Imagery is one of our most important brand assets, a powerful tool to draw immediate attention.

Priority Dispatch images are shot in a certain style to convey depth and emotion. PDC images are purposefully cool, with a blue hue. Note that images in the IAED library, while similar in content, are warm and golden in hue. DO NOT MIX AND MATCH images between PDC and IAED libraries. Wherever possible, only use images from the official PDC library in your document. Do not copy images from Google or elsewhere. Not only does it violate copyright, it most likely does not conform to our brand style. If you need specific images that are not found in our current library, please contact Chris Carr, Creative Director, for assistance.
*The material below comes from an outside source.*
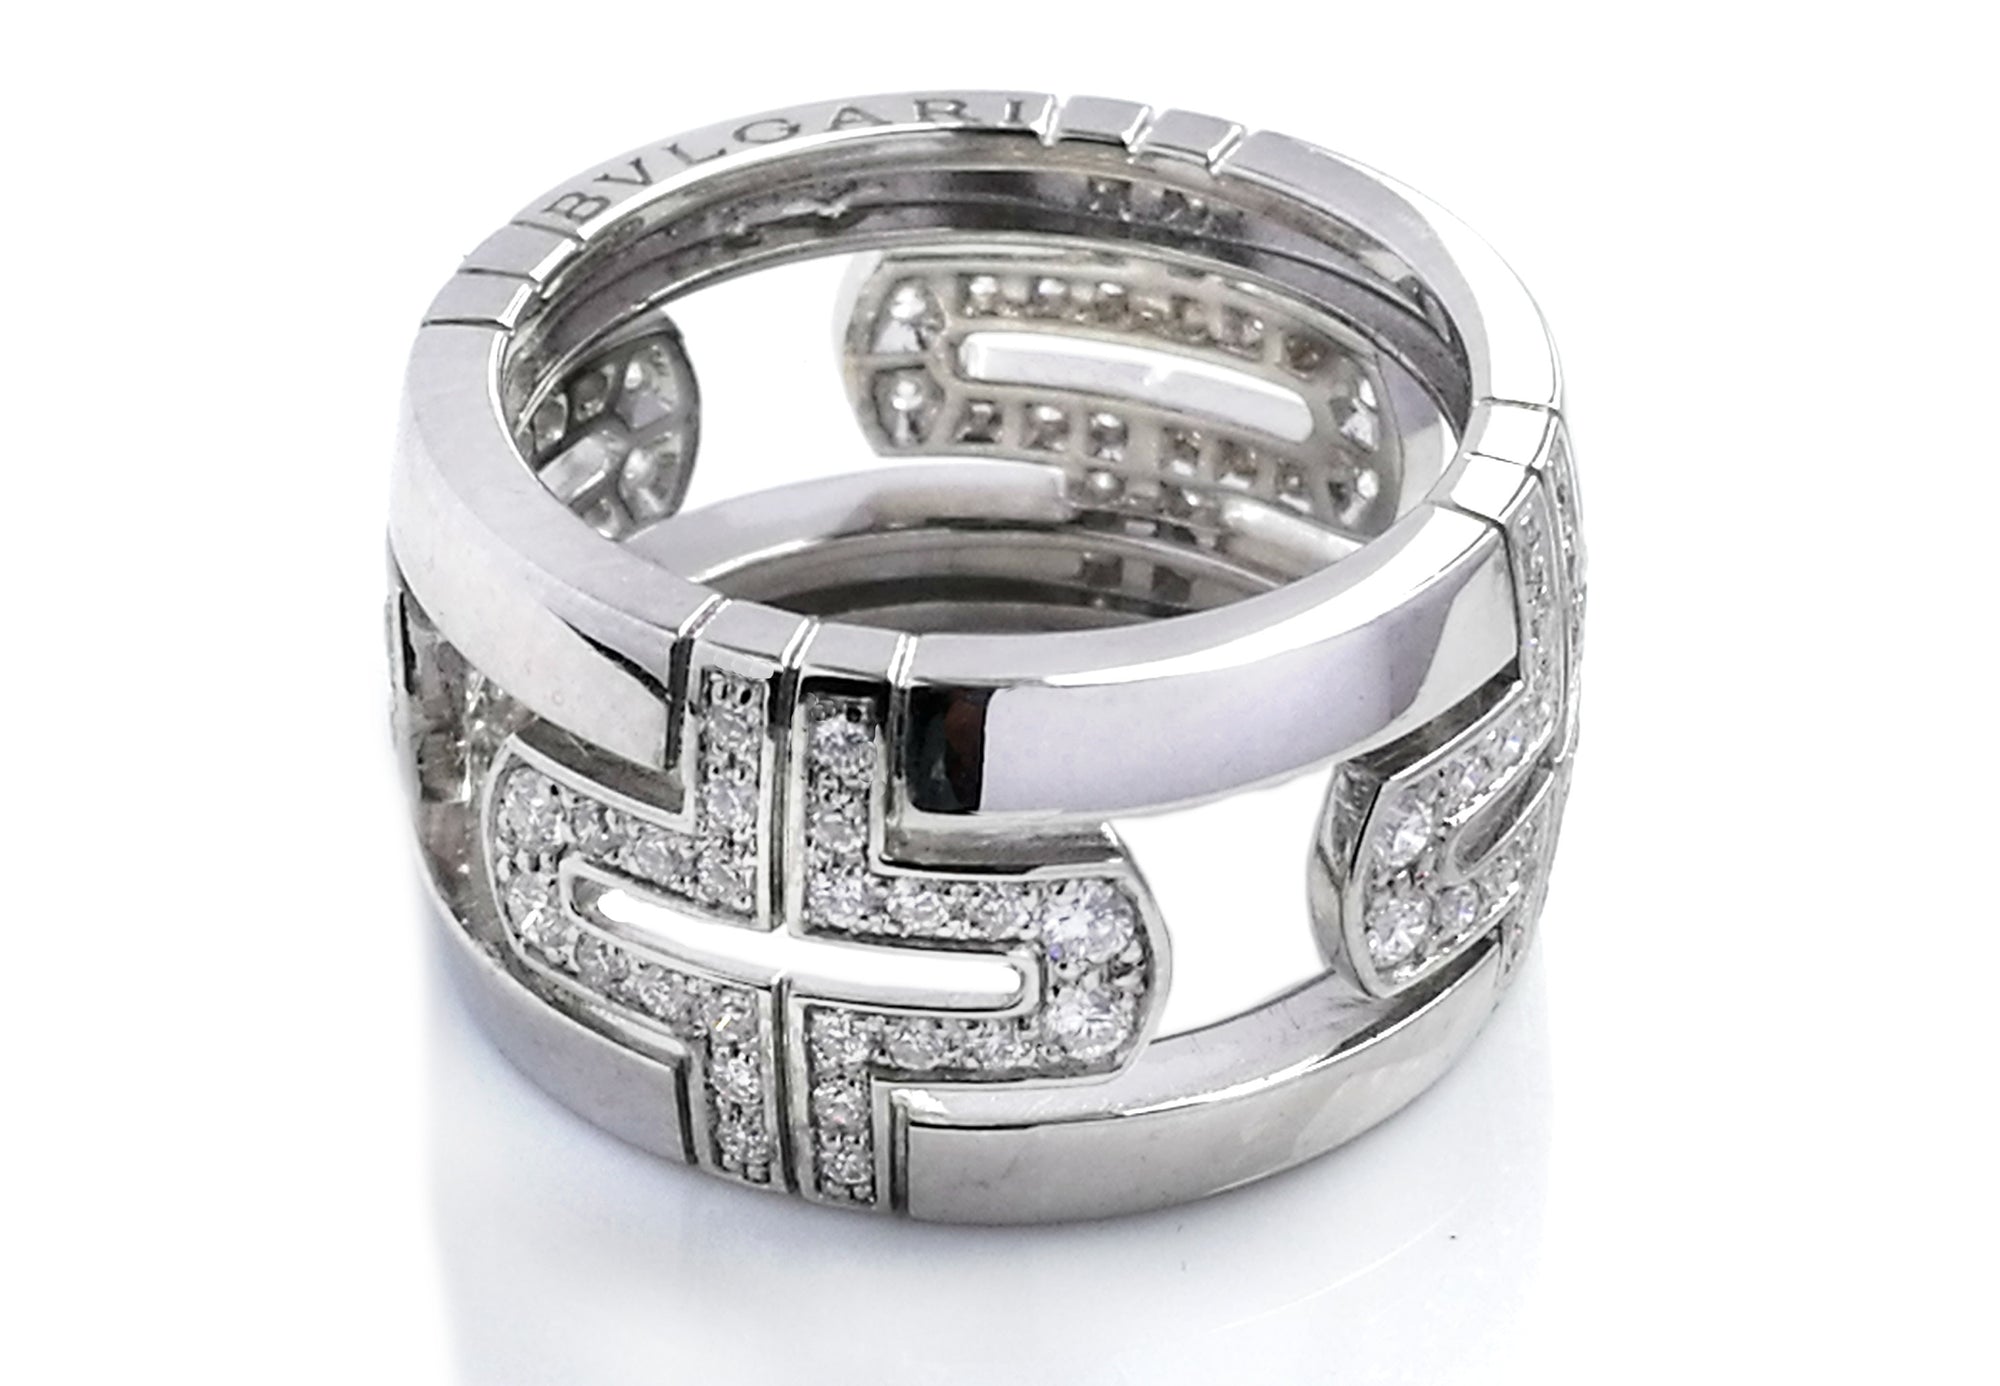 Bulgari Parentesi Pavé Diamond Ring in 18k White Gold, Size 53

NOTE: Our image library is a work in progress, and will be developed and enhanced over time to reflect our global presence. We recognize that certain types of shots are not available today. If you have suggestions for specific types of images that would be useful in the future, please contact Chris Carr.

Follow these guidelines whenever choosing images for projects.

PEOPLE CANDID PHOTOS

These photos should provide a candid view of dispatchers, consultants, emergency responders, etc., as they go about their daily work lives. Photos of people should, above all else, feel genuine and familiar. Don’t use models, and don’t ask anyone to “pose” for a photo. There doesn’t even need to be a person in the picture, just evidence of a strong human presence. The color tone of photos should be warm, golden, and bright.

DO find real people doing real things. Find candid moments, where people don’t know you’re taking their photo.

DO find interesting elements to focus on in your composition—it might not always be people, and that’s OK. These types of photos are great because text can be placed over blurry sections and still be legible. Imply a human presence, even if there is no person in the picture. Photos should be cool/blue in color tone, and reflect a serious tone in composition and setting.

DON’T be clichéd – shoot photos as candidly as possible. Also, never use selfies.